Any images in the material are to be dropped while every line is retyped exactly.

PROVIDED DATA:
Start of Block
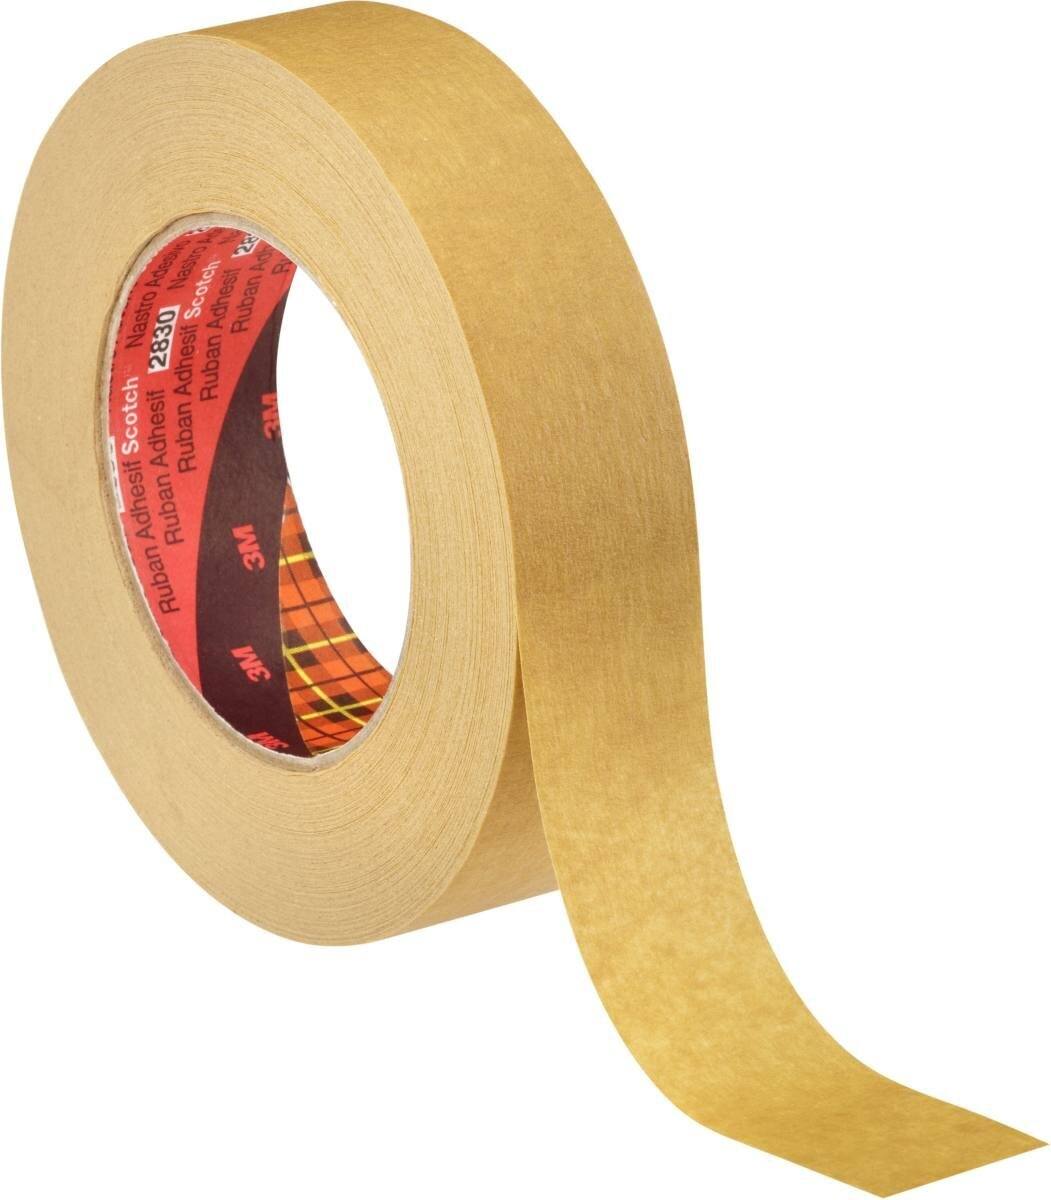 3M Scotch papieren tape 2830, bruin, 72 mm x 50 m, 0,175 mm
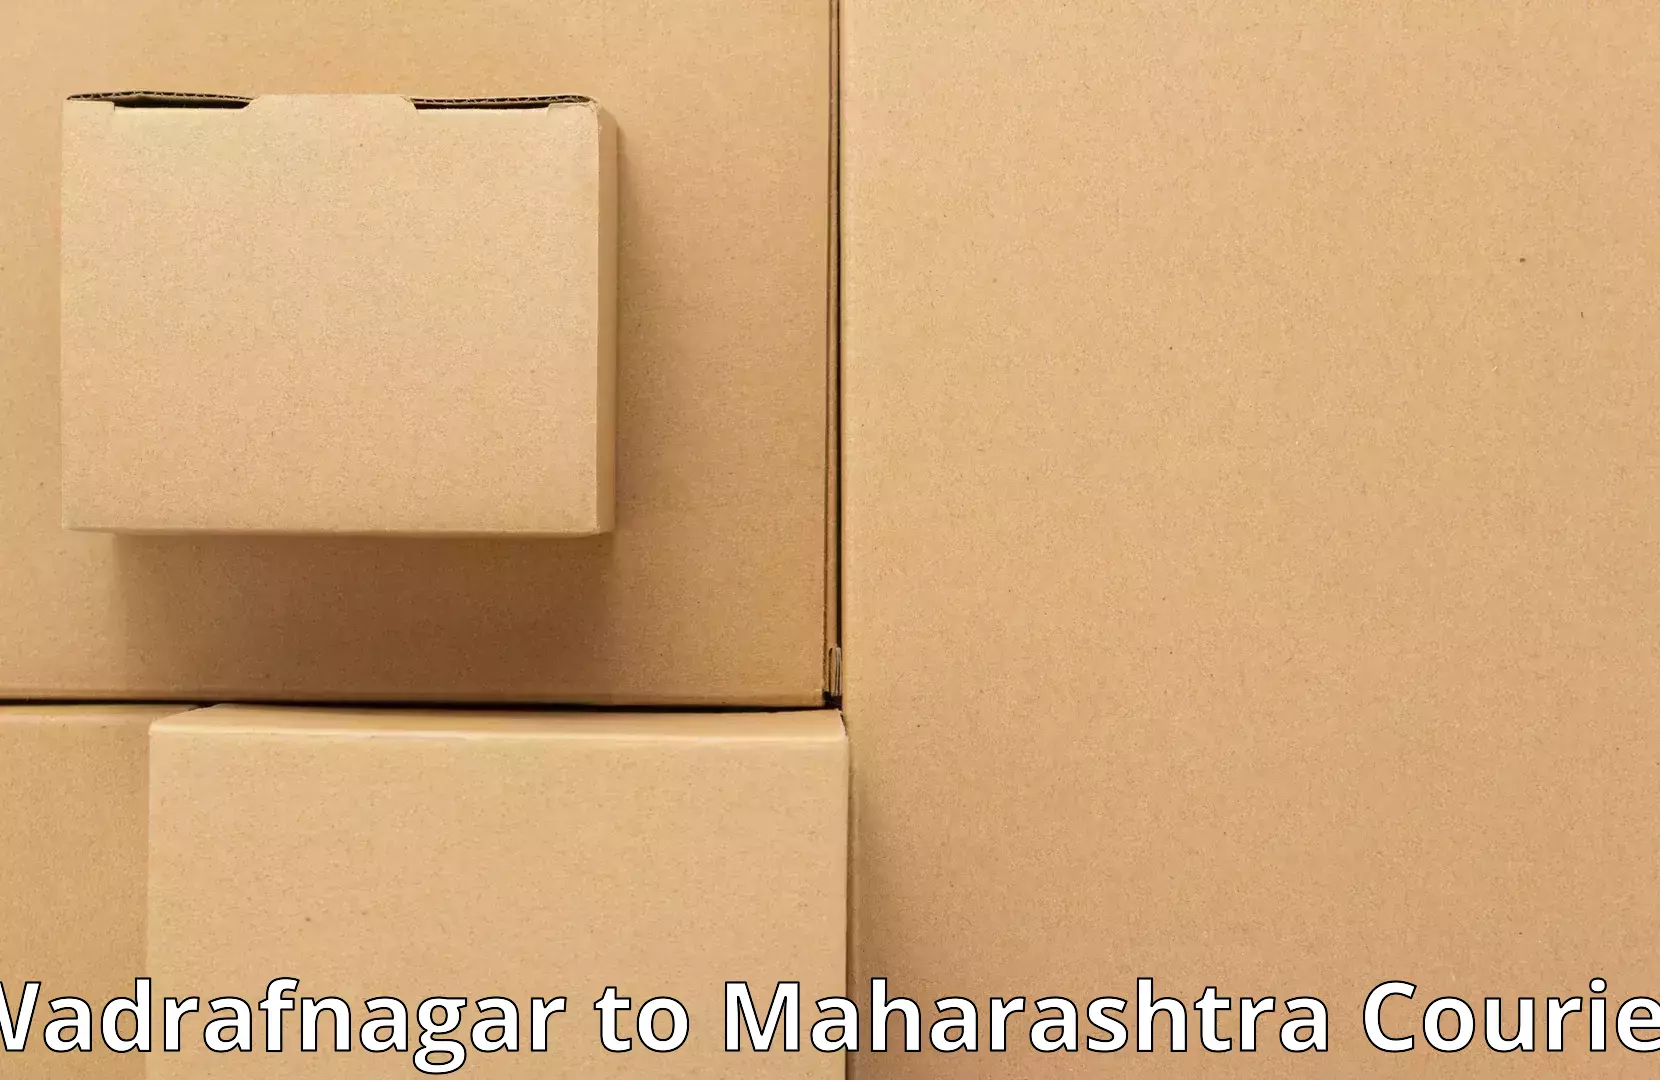 Hassle-free relocation Wadrafnagar to Vadgaon
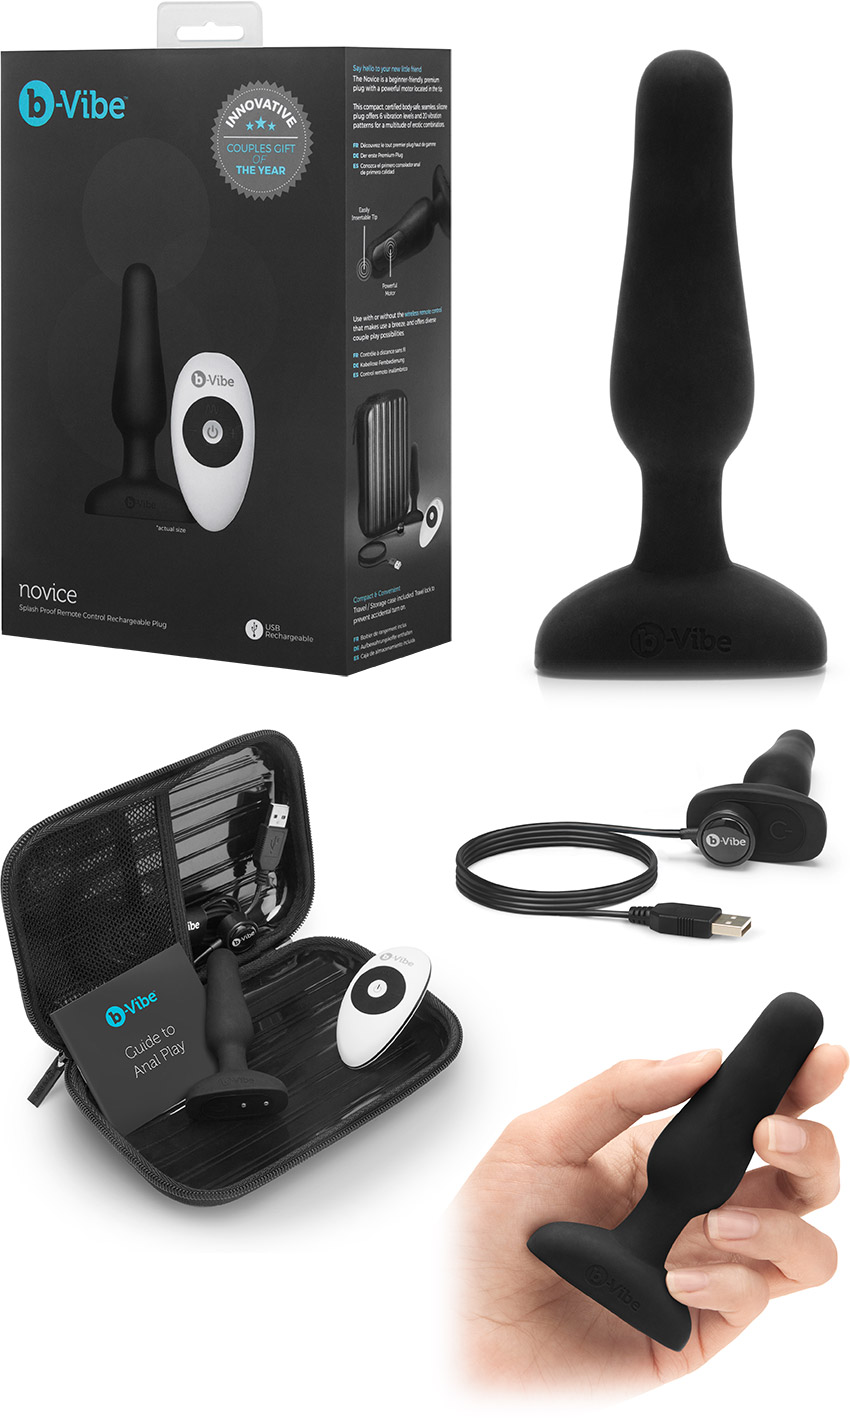 b-Vibe Novice remotely controlled vibrating butt plug - Black
End of Block
TASK ANSWER:
 3M Scotch papieren tape 2830, bruin, 72 mm x 50 m, 0,175 mm
 Hassle-free relocation Wadrafnagar to Vadgaon
 b-Vibe Novice remotely controlled vibrating butt plug - Black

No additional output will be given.